Seniors lose insurance and doctors under Obamacare
Retired chemist Edward Schokowitz was incredulous when he received a letter from Horizon Blue Cross Blue Shield of New Jersey early last month saying his Medicare Advantage Plan, which had no premium, would be eliminated next year.
“They took all the senior citizens and threw us out of the plan. They now want to give us the same plan for $153 [per month],” he told the Daily Caller. “The President said you can’t be kicked out of your plan. He lies.”
Schokowitz is one of many Medicare beneficiaries now learning that — like Americans who buy insurance on the individual market — they are losing their insurance, and in some cases their doctors, under Obamacare.
Private insurance companies that cover patients with government funds under the Medicare Advantage program have quietly started to dump doctors and patients because of Obamacare budget cuts.
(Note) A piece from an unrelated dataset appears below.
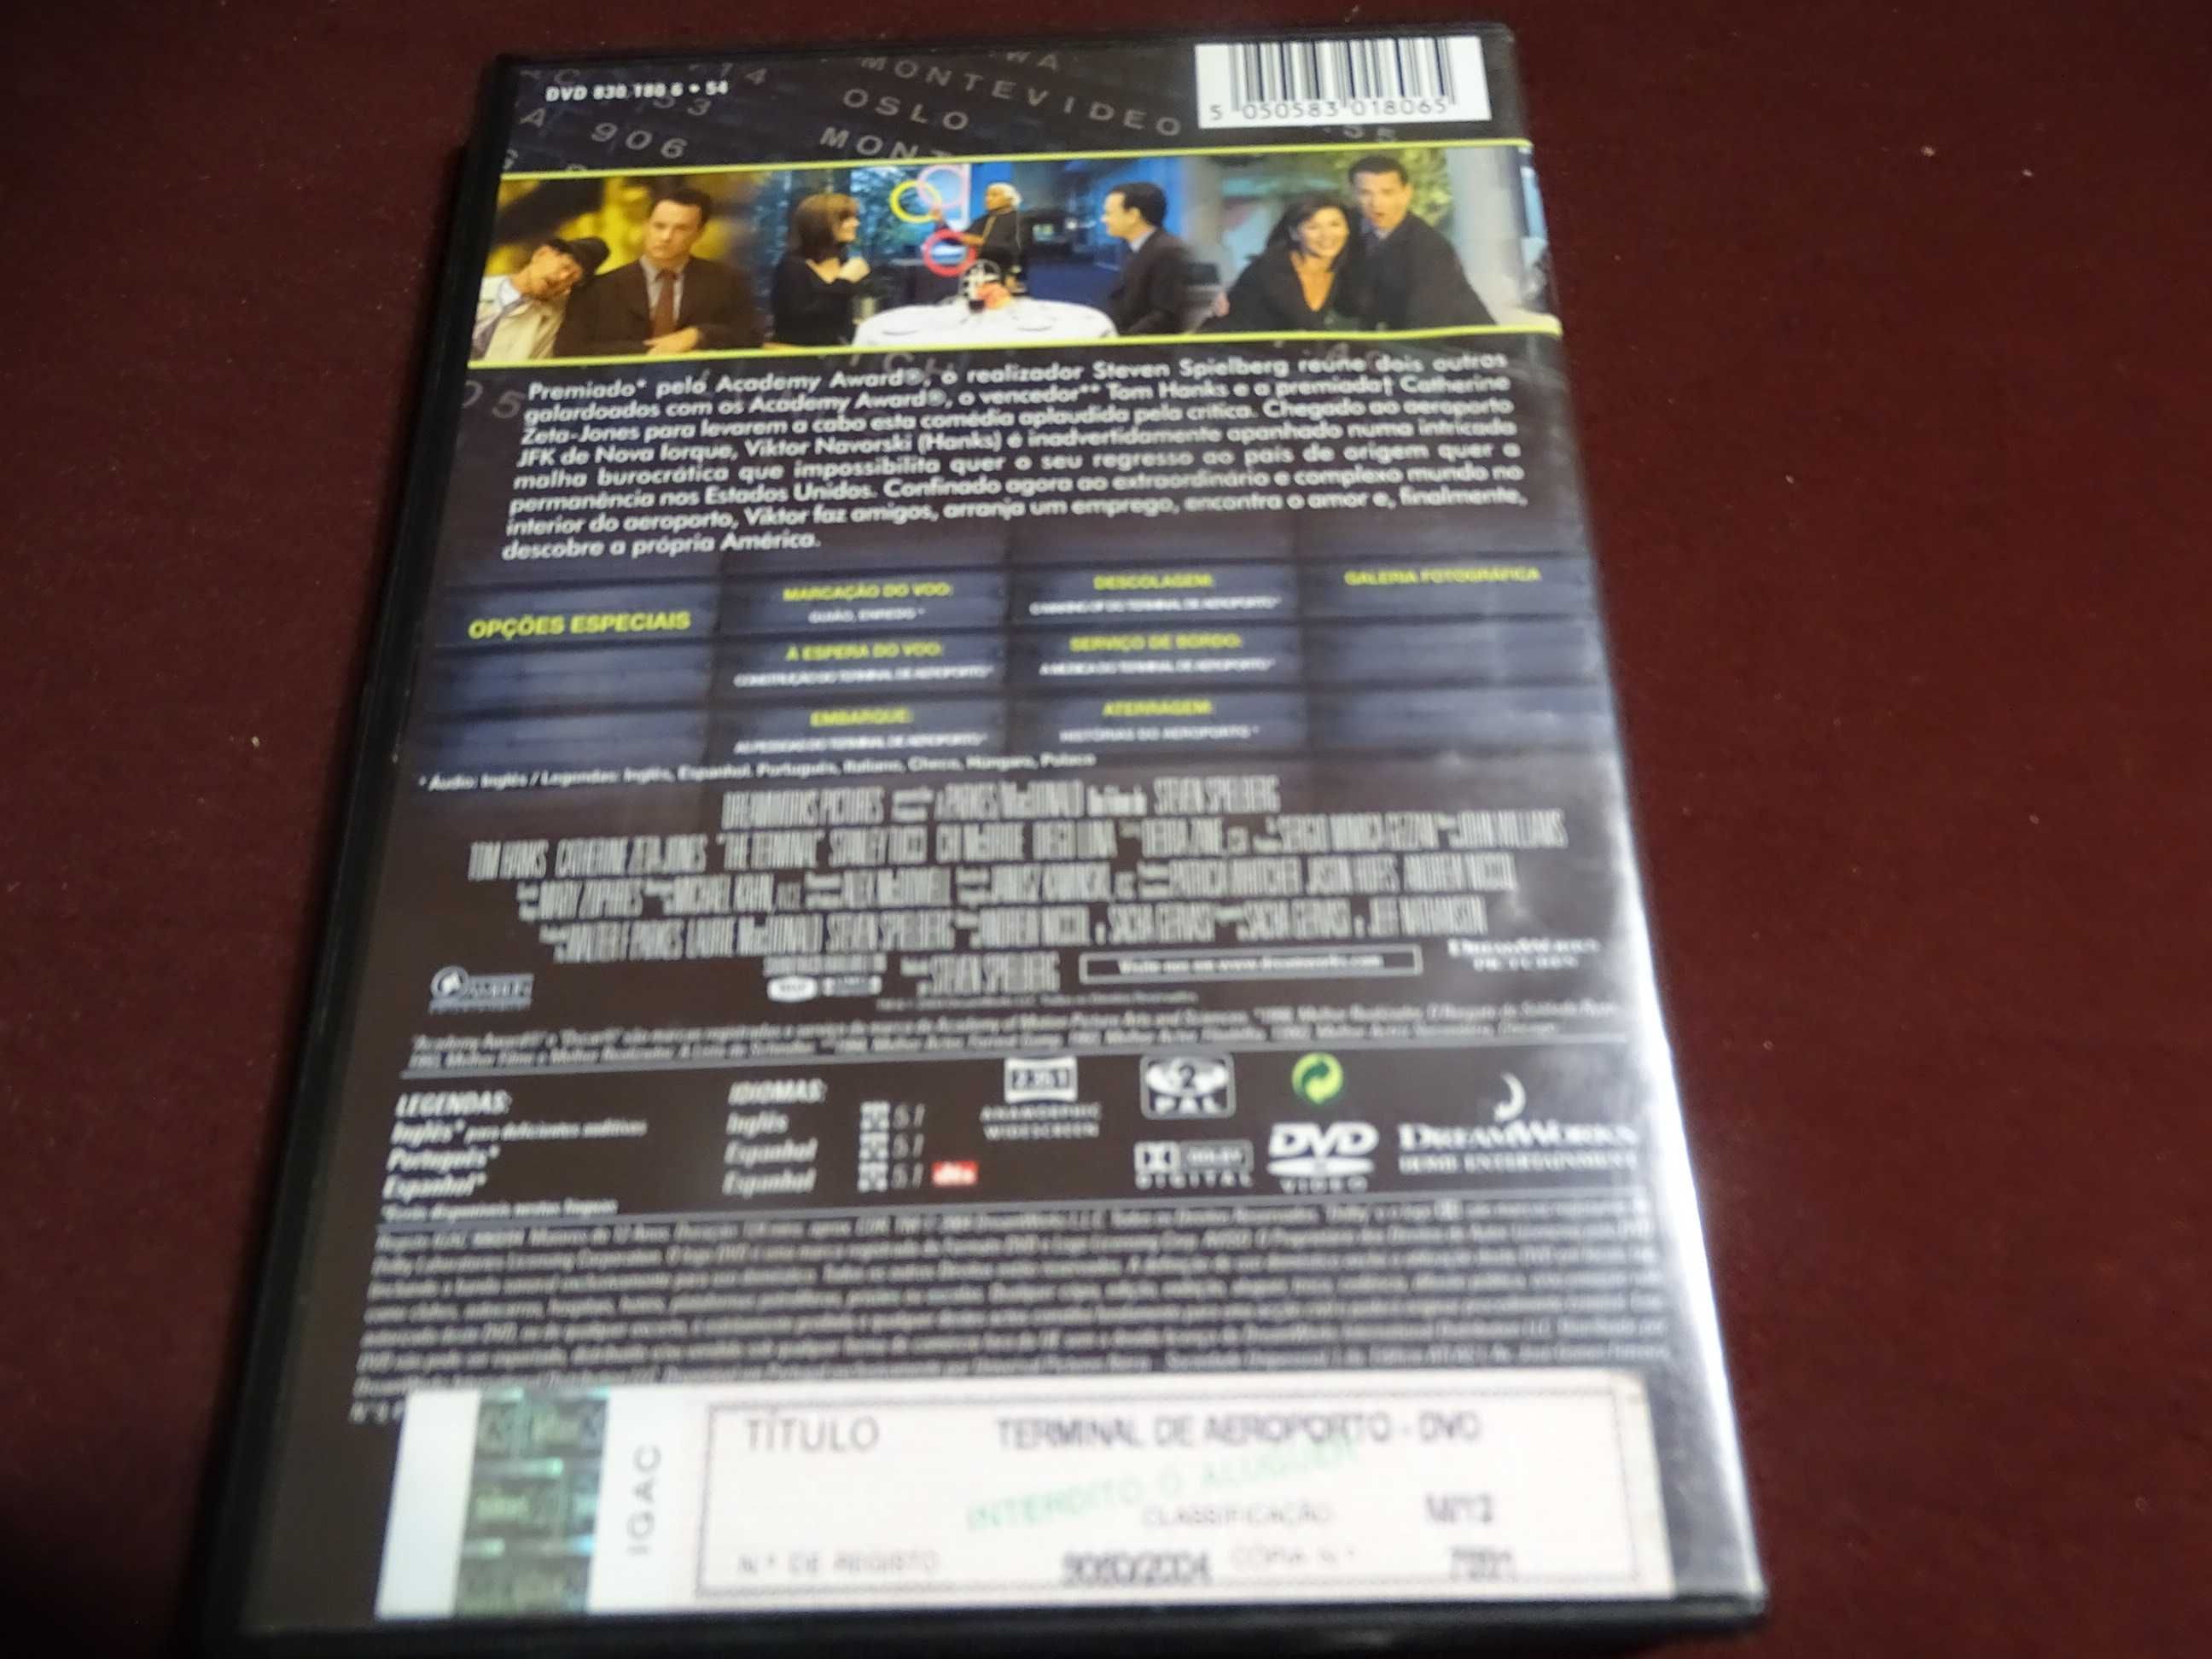 DVD-Terminal de aeroporto-Steven Spielberg-Edição 2 discos

Schkowitz, 75, who lives in a senior citizen complex near Atlantic City, would also pay more for prescription drugs under the new plan. The co-pay for a three-month supply of one of his medications increases next year from $7.50 to $54.00.
Thousands of New Jersey residents are suffering the same fate . Currently, 74,000 Garden State residents are enrolled in Blue Cross Blue Shield Medicare Advantage. Nearly half have zero-premium plans.
But in 2014, New  Jersey Horizon Blue Cross Blue Shield is eliminating all zero-premium plans with prescription drug coverage and all but two of its other plans with monthly fees.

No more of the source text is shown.